We have systematically analyzed the biological functions and downstream signaling pathways associated with target genes of dysregulated tissue miRNAs (Fig. 9). These data suggest that miRNA could play a significant role in the dysfunction and remodeling of vascular endothelial and smooth muscle cells by influencing inflammatory immune processes via the downstream regulation of genes, which could, in turn, contribute to the pathophysiology of aneurysm rupture and aSAH.
Our study has few limitations. Since we included a relatively small number of patients in the validation cohort, we failed to define significant association between miRNA expression and clinical outcome. Further, target mRNA of tissue miRNAs was validated based on functional analysis and we failed to validate these putative miRNA targets in-vivo. An additional limitation is that miRNA microarray profiling can only measure miRNAs that are included in the array and cannot discover new miRNAs.

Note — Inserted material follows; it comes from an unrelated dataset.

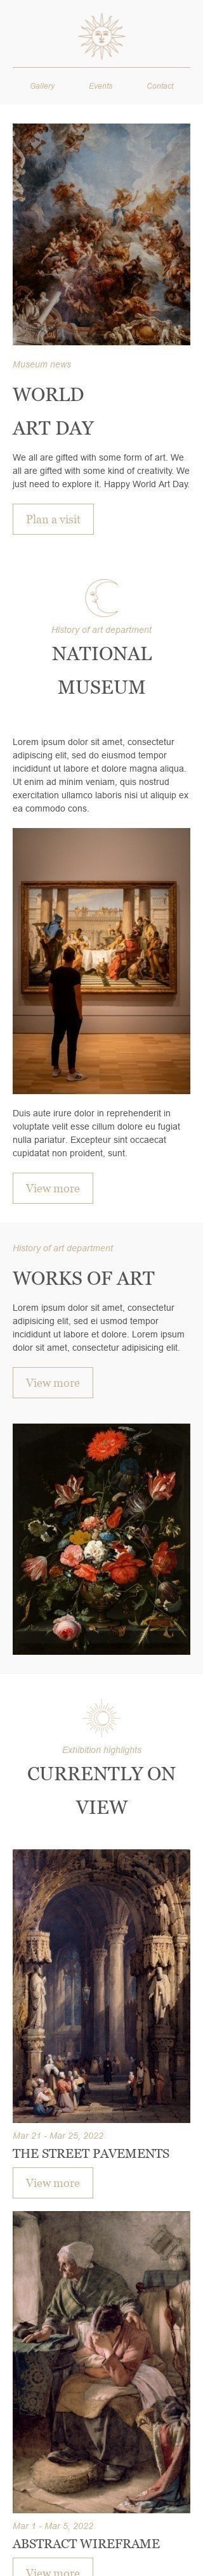 World Art Day Email Template "National Museum" for Art Gallery industry mobile view

To conclude, this study identified several differentially expressed miRNAs in ruptured intracranial aneurysmal tissue through microarray analysis. Bioinformatic analysis showed that miR-26b, miR-199a, miR-497 and miR-365 which were significantly decreased, modulates genes involved in TGF-β and MAPK signaling, which could potentially influence inflammatory processes, extracellular matrix and vascular smooth muscle cell degradation and apoptosis, and ultimately cause vessel wall degradation and rupture. Further functional validations of the target genes of the dysregulated miRNA are necessary for deciphering their exact role in the progression and rupture of IAs.